Hi,
Let's take a look how drunk effect is implemented in The Witcher 3: Wild Hunt.
If you haven't played it yet,
Evening:
Night:
At first we see "double rotating" image, pretty common when you're not sober in real life. The more distant the pixel is from the center of image, the rotation effect is stronger. I posted the second video at night on purpose, because you can clearly see this rotation on stars (do you see 8 separate points?)
The second part of TW3 drunk effect, maybe not so visible at first sight, is slight zooming in and out. It's visible near the center.

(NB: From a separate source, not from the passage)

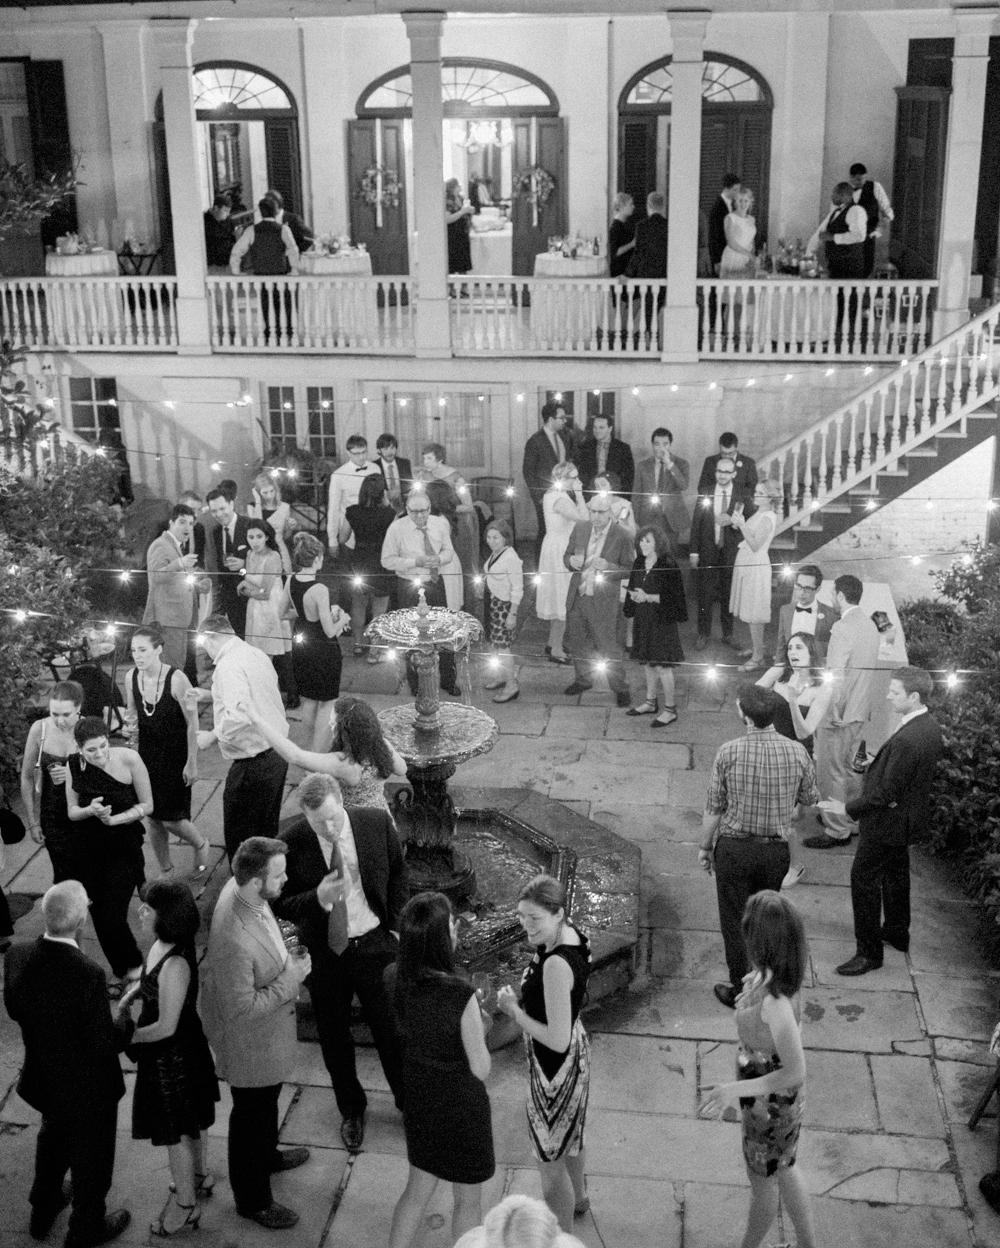 jessica-graham-wedding-courtyard-0099-s112171-0915.jpg
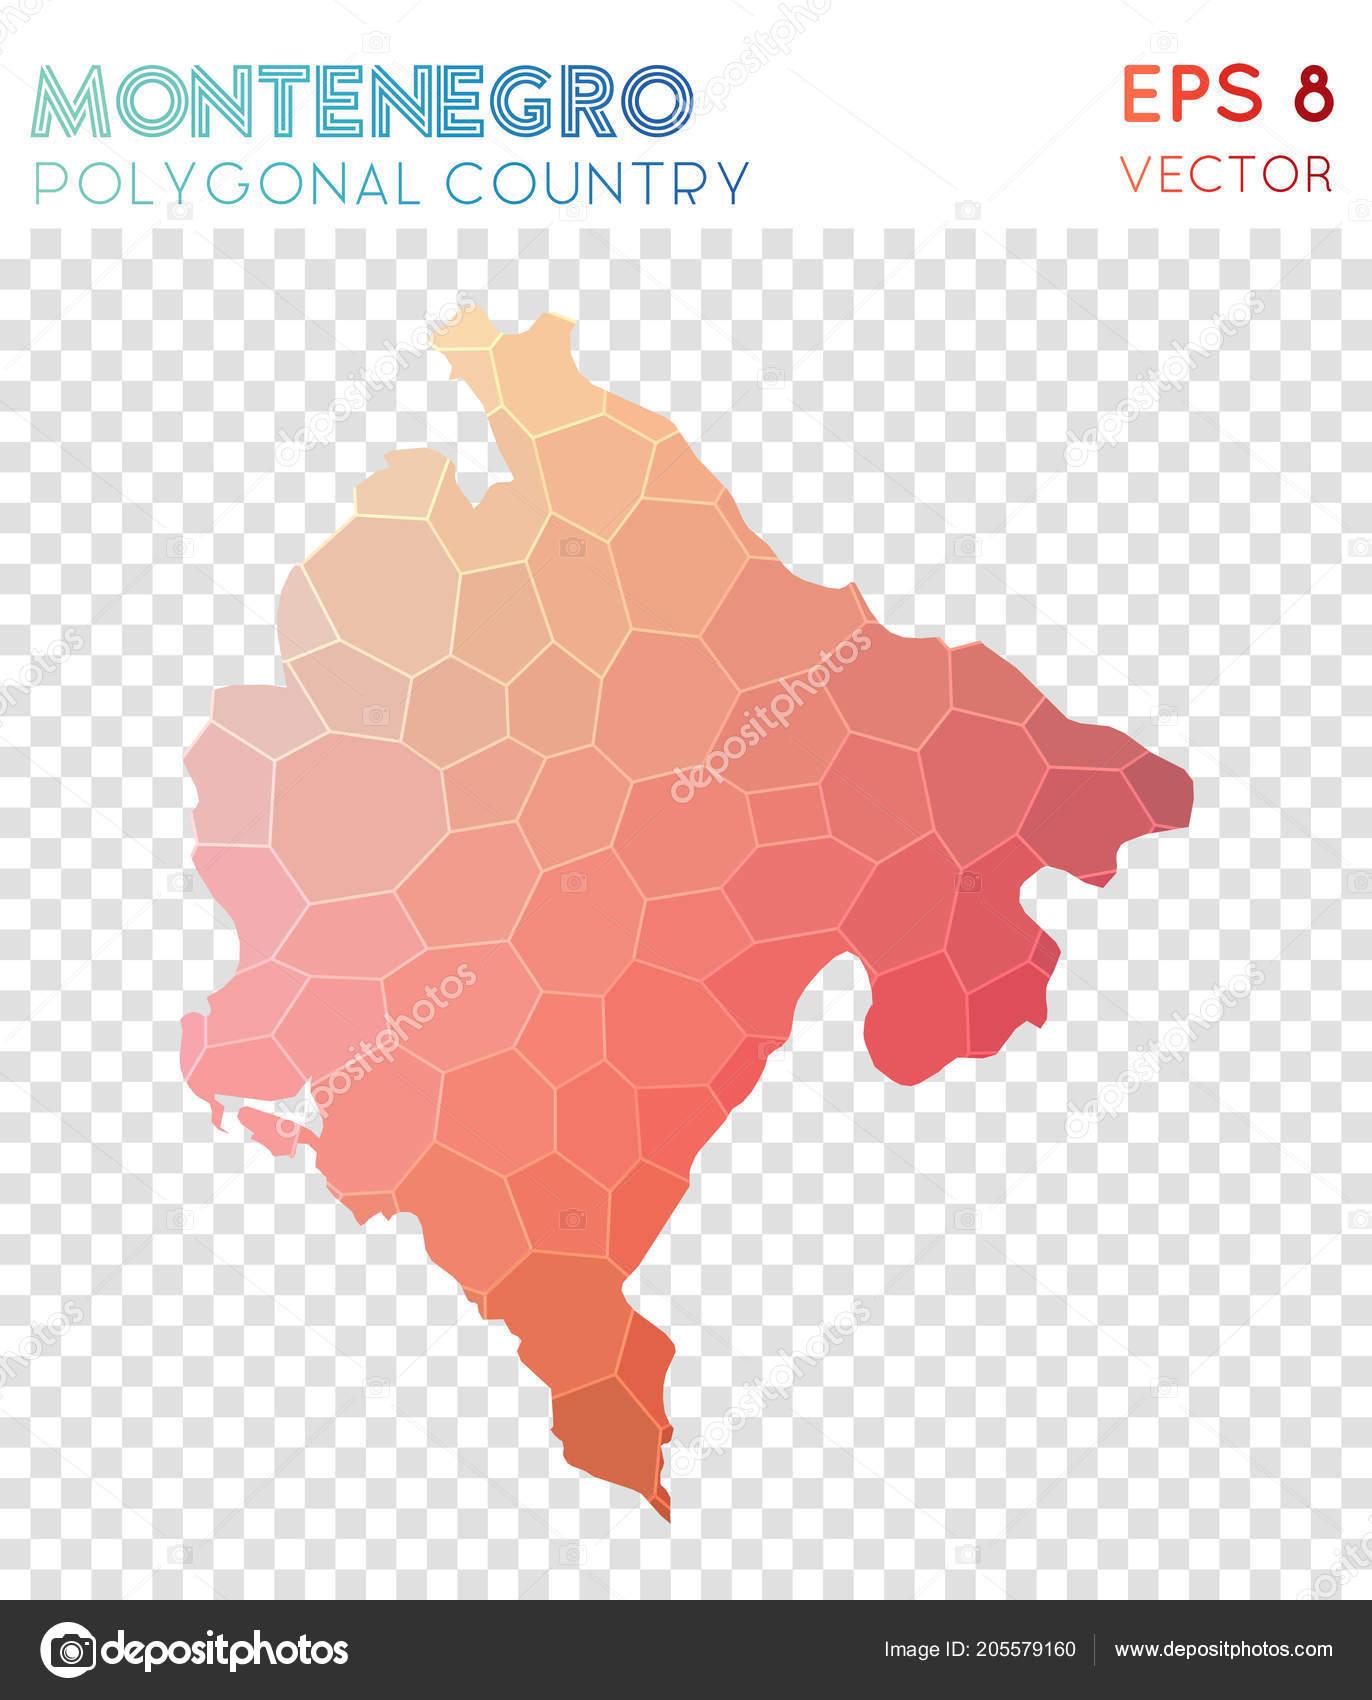 Montenegro Polygonal Map Mosaic Style Country Stunning Low Poly Style  Modern Design Montenegro U2014 Vetor De

It's probably obvious that this effect is typical postprocess (pixel shader). However, the order of it in pipeline may not be so obvious. It turns out that drunk effect is applied just *after* tonemapping and just before motion blur (the drunk image is input for motion blur).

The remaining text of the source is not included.